The cost breakdown is what sealed this as a tradition. A Saturday lift ticket at PCMR President's Weekend is north of $300 a head right now. For five of us that's a $1,500 ski day. Our entire ice fishing weekend, three days, five people, two adults bonus from Heber: about $90 in propane, bait, and a chub for the tip-up. We own all the gear — Tyler's had the same Eskimo shelter for ten years and the auger was a wedding gift from my dad — and we sleep in the Sprinter at the Strawberry Bay or Soldier Creek pull-offs. License is $40 a year for me, kids fish on my license under 12.

The Spot (Loosely)

I'm not going to publish a GPS pin because that's a great way to get yelled at by half my dad's fishing buddies, but I will tell you this: do not fish where the parking lot is plowed and the trucks are stacked five deep. Drive the loop road to one of the smaller pull-offs on the east side of the reservoir. There's one in particular my dad's been going to since the '80s — the locals' tell is that there's a single bent guardrail post and a beat-up dirt turnout with room for maybe six trucks. Walk out 150 yards. The fish are there. Strawberry is loaded with cutthroat and rainbow and you basically can't fail if you're willing to drill a few holes and move.
What the Kids Actually Use

I gave up buying kid-specific anything years ago. The cheap kid rods break, the kids want what we use, here's what works:
- Liam (9) — short jigging rod with a small spoon tipped with a piece of nightcrawler. He drills his own hole now with the hand auger. Caught his biggest cutthroat last year, a 19-incher we let go.
- Ava (7) — same rig as Liam, but she will not bait her own hook. She is also our most patient fisher — she'll sit on a bucket for two hours and out-fish everyone.
- Beck (5) — a tip-up flag he is in charge of watching. He gets to reel anything that hits. Last year he caught his first fish on it and screamed loud enough that my dad spilled his coffee. We have it on video.
The Setup

Tyler runs the gas auger and drills six to eight holes in a rough circle so the kids can move between them. We put the Eskimo pop-up over the two adult holes if the wind is up — otherwise we just chair-and-bucket it because the kids overheat in the shelter and start fighting. Heater inside, snacks in a bin, hot chocolate in a Stanley, sandwich fixings in a cooler so they don't freeze. Yes, you can freeze a sandwich. Ya, that's a lesson we learned the hard way.
Sleeping in the Sprinter

We park overnight at the Strawberry Bay area where it's allowed. The Sprinter sleeps all five of us, barely, with Beck wedged crossways at the foot. We run a Buddy heater for an hour before bed and then crack a window — Tyler is paranoid about CO and rightly so, do not sleep with a propane heater running. By morning the inside of the windows are iced over and the kids think it's hilarious.

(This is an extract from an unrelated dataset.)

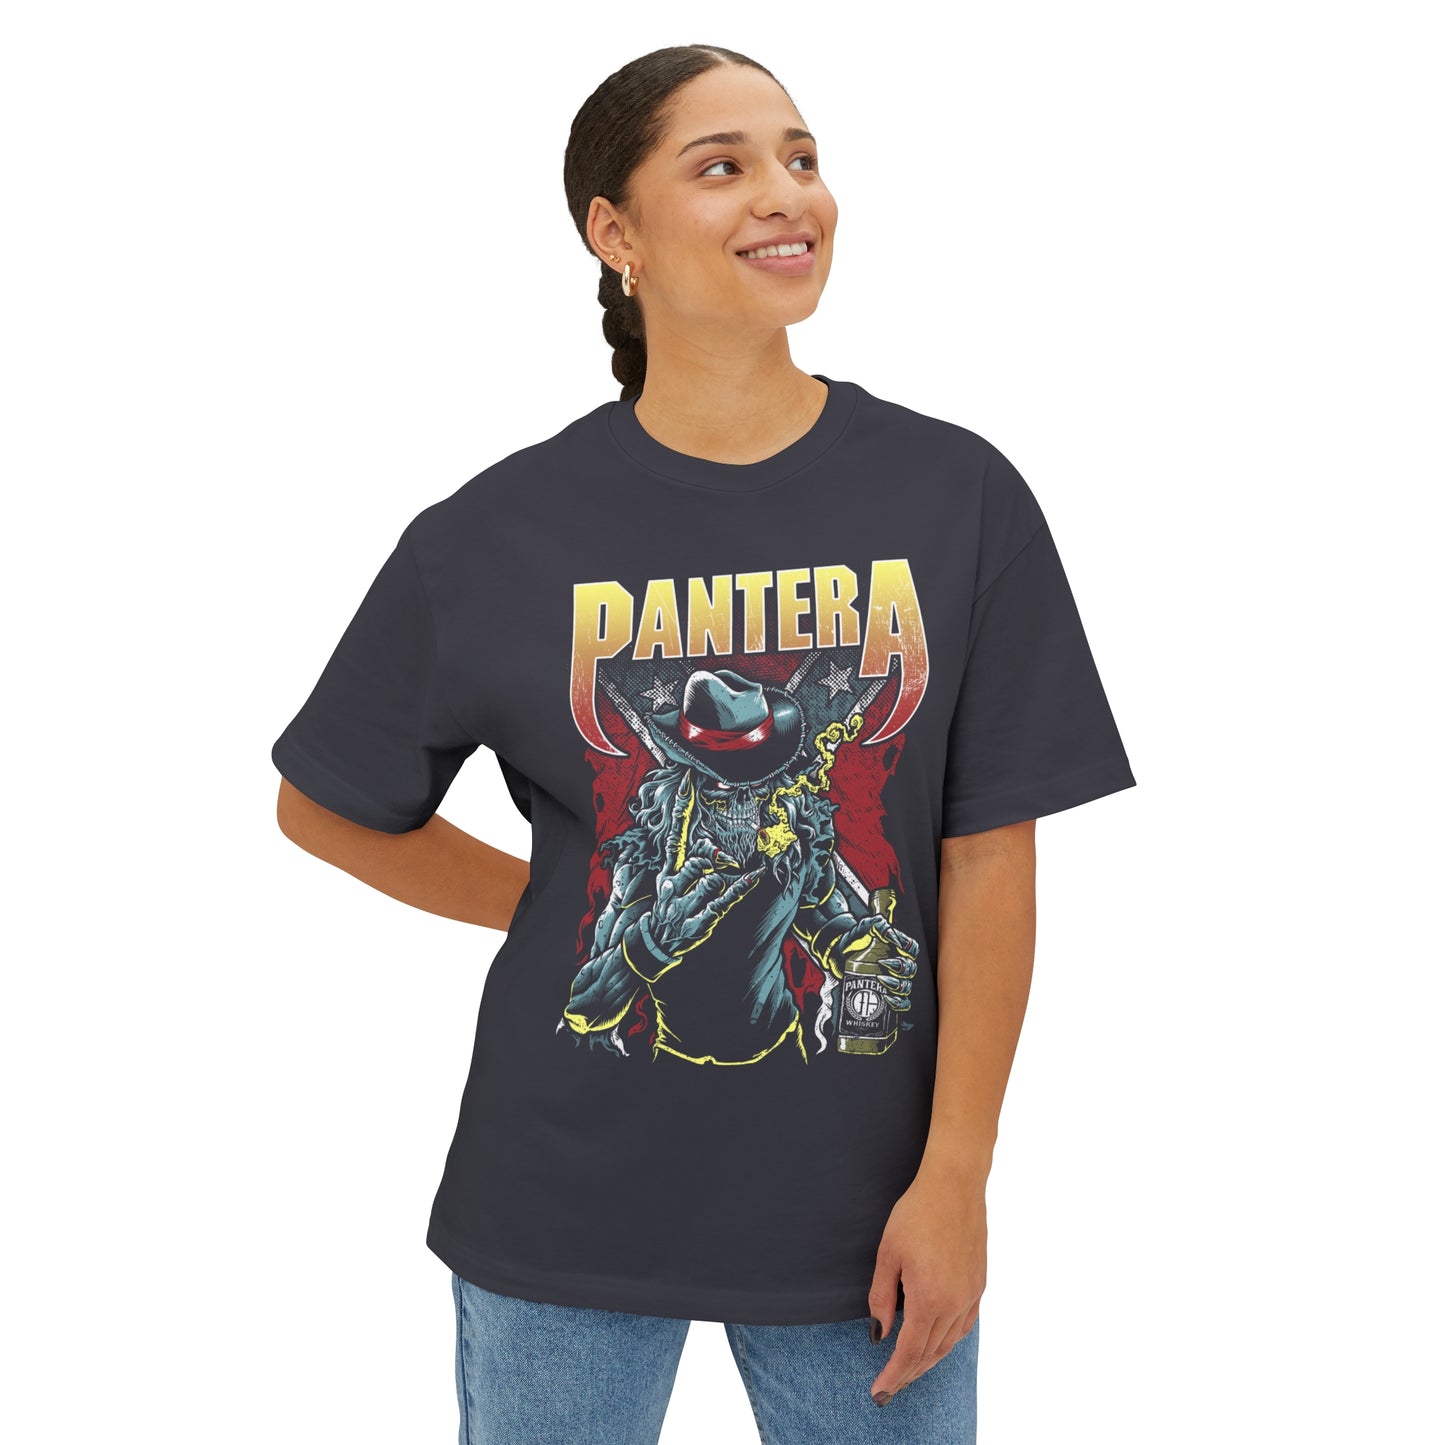 Pantera Oversized Tee
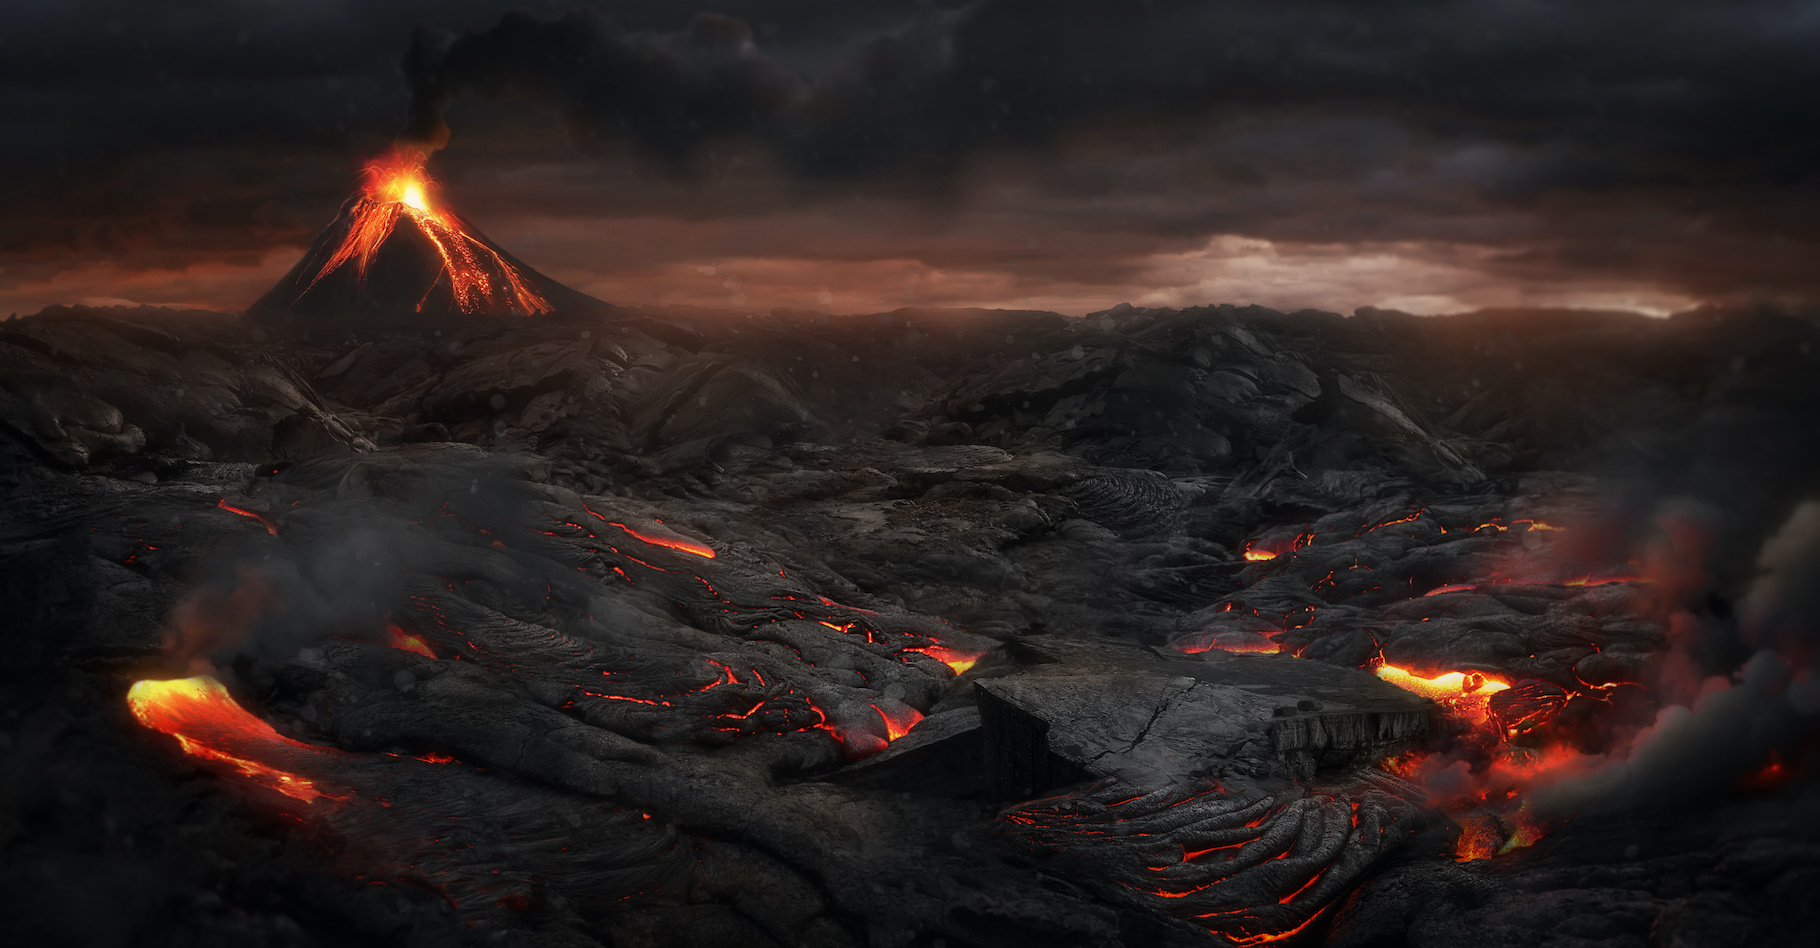 Les grands épanchements basaltiques engendreraient un bref hiver volcanique suivi par un réchauffement du climat. © Jagoush, Adobe Stock

Coffee on the camp stove, oatmeal, we're on the ice by 8.
Why This Beats a Ski Day
The honest answer is that this is the kind of day my kids are going to remember when they're 30. A lift ticket day at PCMR is fine — Tyler works in mountain ops, our kids ski more days than most adults, they get plenty of it. But the slow weird quiet of the ice, with my dad telling the same fishing stories he's told my whole life, with Beck losing his mittens for the third time, with Liam learning to read a flasher — that's the stuff. That's the President's Weekend the kids ask for. Ya, the resort weekend is louder and shinier. We'll be back at PCMR Tuesday after school. The ice is the move.
For PC Families Who Don't Own the Gear
I get this question a lot. The answer is: borrow first, buy used. Sportsman's Warehouse rents augers and shelters reasonably. KSL Classifieds has used jigging rods all winter for $15. You don't need fancy. The kids do not care if your shelter is the latest model — Tyler's is older than Ava. Bait at the Strawberry Bay Marina if it's open, or grab nightcrawlers in Heber on the way out.
I will keep saying this until somebody listens — the President's Day weekend in Park City is a great weekend to leave the resort to the visitors and go do the local thing. Ice fishing is one option. Snowshoeing in the Uintas is another. A drive to Antelope Island if you don't mind cold wind. We pick Strawberry because my parents are 30 minutes away and because I want my kids to know my dad on the ice the way I do. Next post is the holiday-break itinerary for staying in PC without spending a fortune — it's the question I get most after Halloween.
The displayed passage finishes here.